It better than that, there are 7 Elders but circa 20 nodes in a section . So we could lose 2 from 20 in that case.
It is also catastrophic recovery? So can a blip cause 90% loss, but then if those 90% reconnect quickly, it is different to lost forever node.
Yes reboot is a serious one, all nodes might end up moved, but the rule is nodes must never delete data without republishing it first.
So a few different things at play, but recovery from lost consensus should come first I reckon.
Another thing to consider is higher replication fact means less different data on nodes, so nodes fill very fast with extra duplicates. If we take replication to it’s logical end, then all nodes hold all data. So now it’s less than that, but what is safe?
So we can lose 2 Elders and be OK, so we can say we can lose 2 copies of data and also be Safe, so keep 3 copies?
There’s a lot of tweaking gonna happen here for sure.
In terms of how much protection we get, it’s down to many factors, more copies, more nodes, more admin.
So our goal should be what is the replication factor that makes Data as Safe as the network? Again though a massive amount of things to consider. I will defo take time and describe this with all its side effects as soon as I can. It’s really interesting.
The first one I get. That’s when there’s not enough data on the network, a safety guard against sybil attacks, and you need to retry later.
~ # safe node join
...
~ # cat /root/.safe/node/local-node/sn_node.log
[sn_node] INFO 2021-04-13T10:55:18.014731066+00:00 [src/bin/sn_node.rs:104]
Running sn_node v0.35.5
=======================
[sn_node] ERROR 2021-04-13T10:55:18.338546196+00:00 [src/bin/sn_node.rs:110] Cannot start node due to error: Routing(TryJoinLater)
This next one I don’t understand.
$ safe files ls safe://hyryyry6mw7uiufjbwxapfht8fdy3p89jxyrq7iiem9fx8h8xmwr1s1bm9wnra
Error: Failed to connect: ConnectionError: Failed to connect to the SAFE Network: QuicP2p(UnresolvedPublicIp)
Next up.
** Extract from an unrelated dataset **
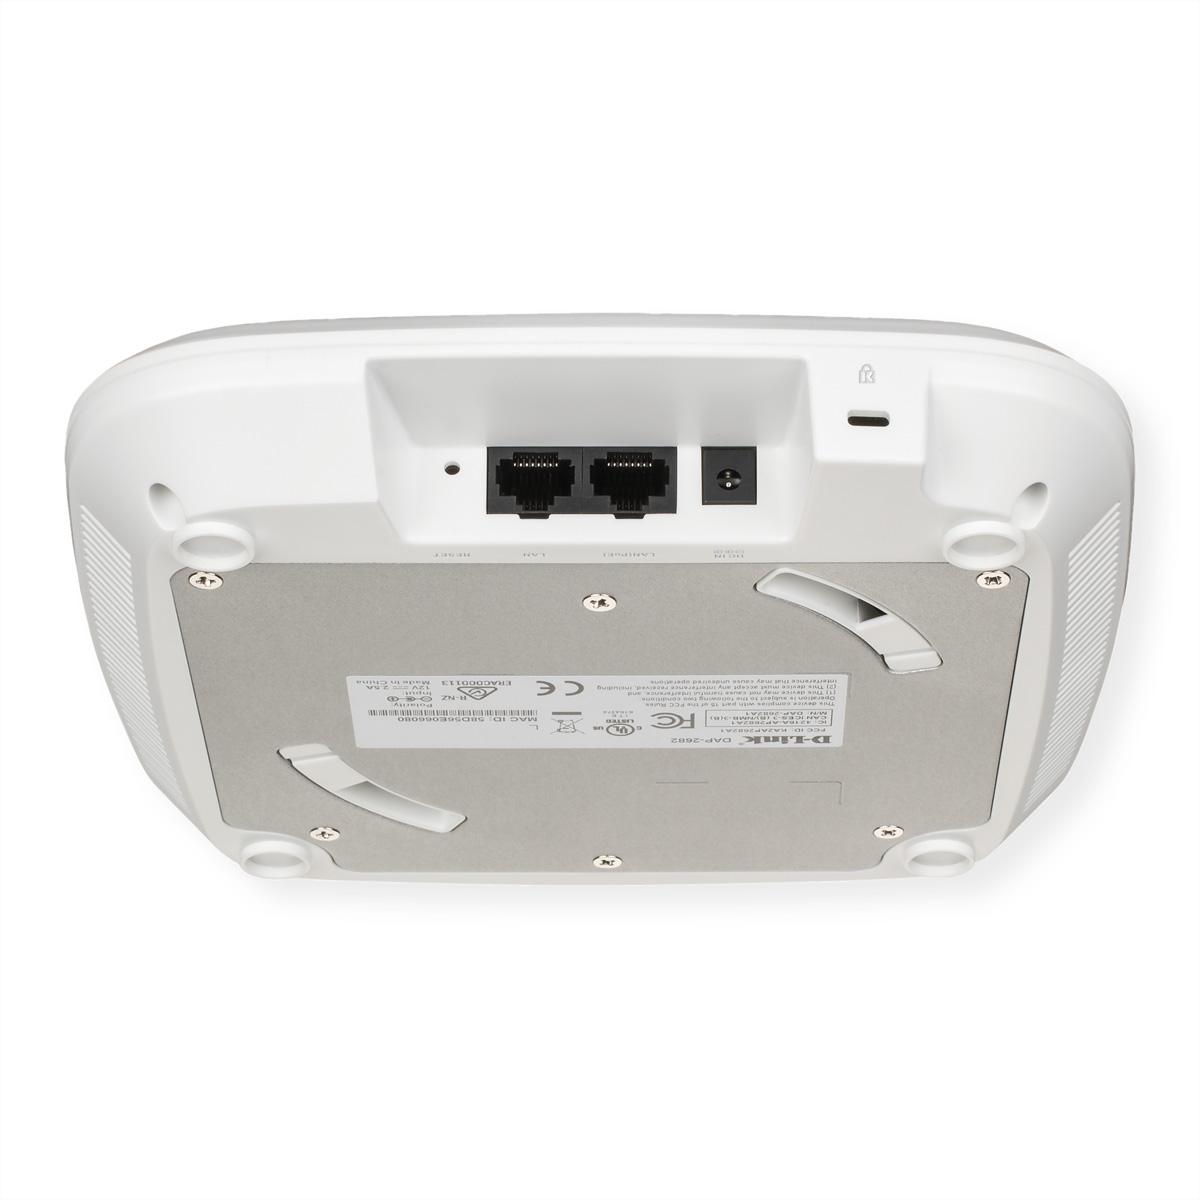 2 Access Access Gbit/s Dual-Band Point D-LINK 2,3 DAP-2682 AC2300 Wireless PoE Points Wave
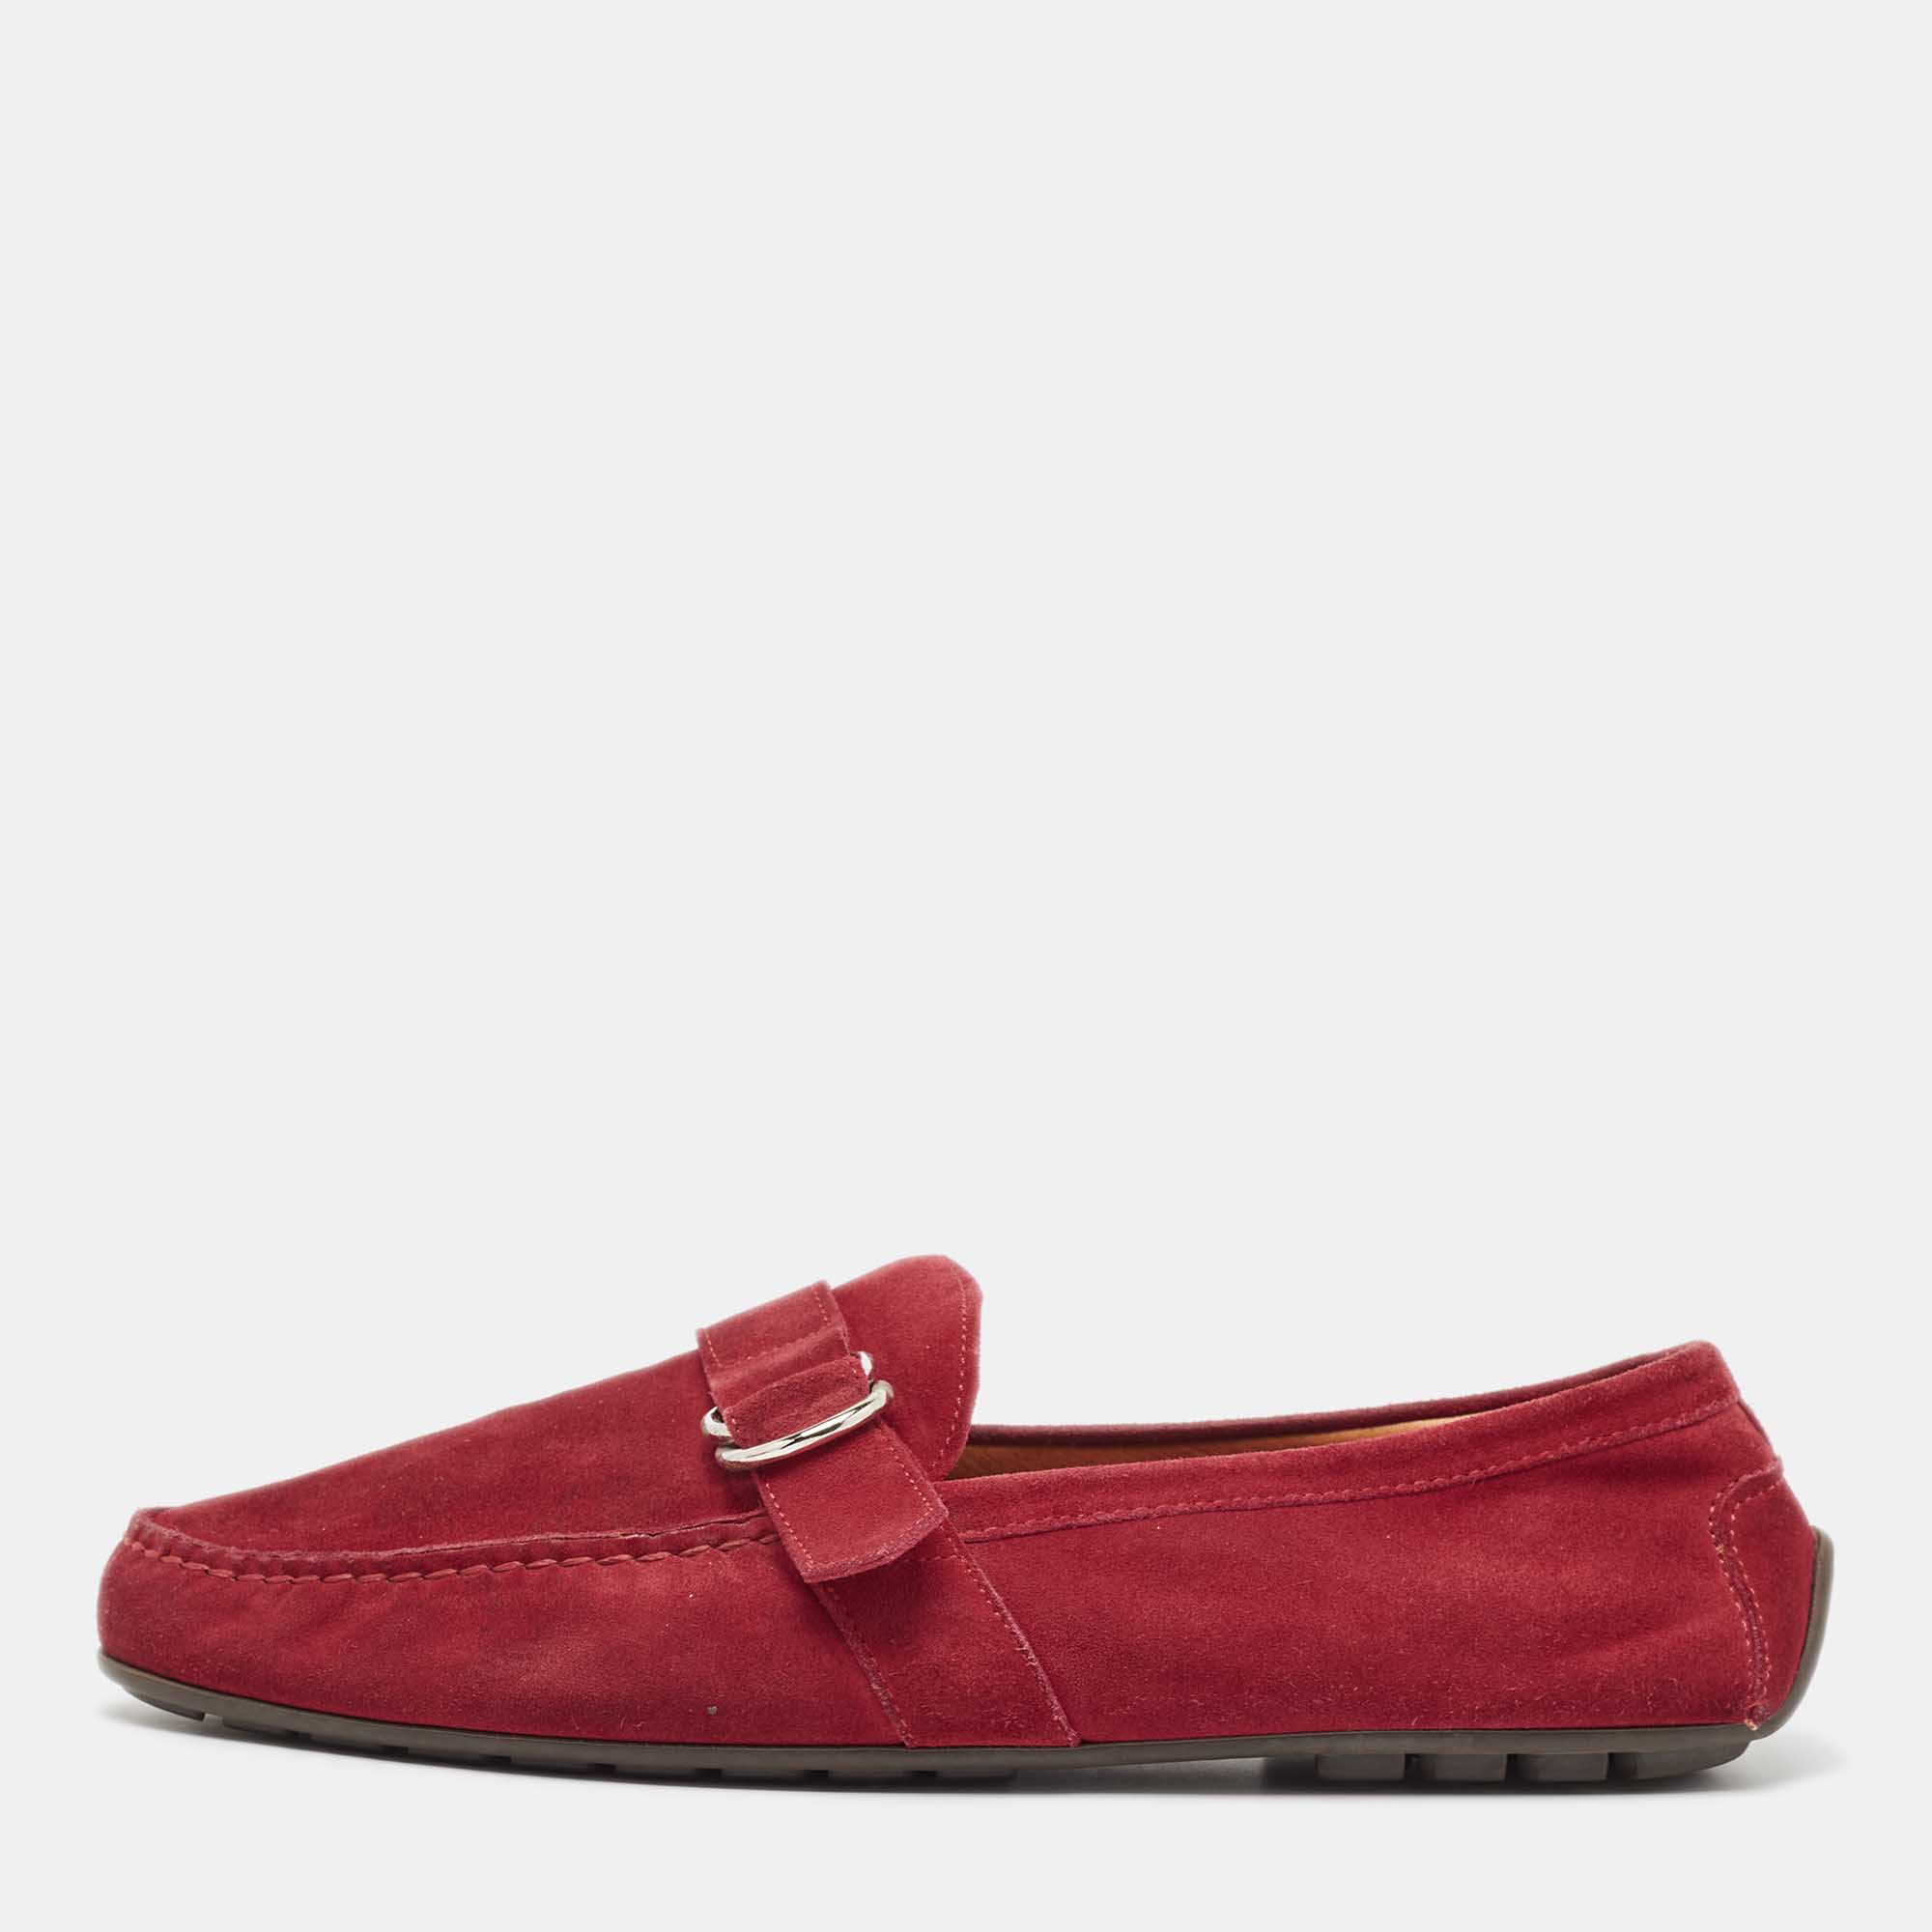 

Ralph Lauren Red Suede Buckle Driving Loafers Size 45

InsufficientBalance.
I thought were not at this stage yet.
Can anyone hand me a safenet token?
$ safe files put ~/sur/Bòȥxr/ --recursive
Error: NetDataError: Failed to PUT Public Blob: Transfer(InsufficientBalance)
It may have but the connectivity bug will kill it anyway.
Full AE will also put apid to some, but we are on that.
Then a bunch of smaller stuff, UX fixes, more cmd lines, maybe a browser. These will all continue I think.
Then we will be testing section recovery and consensus recovery.
When this is unfailable it’s Fleming. It’s gonna be a wild ride this one, we need to strap in!!!
Seriously I think section recovery and consensus recovery may see a bit more of a delay than just a day or so, but we will see. (BTW I think this goes way beyond any network project out there when we do this)
I was trying v2(?) with >safe files put test.jpg
and get thread 'main' has overflowed its stack
If it is my mistake, then nevermind, if not it is better to fix.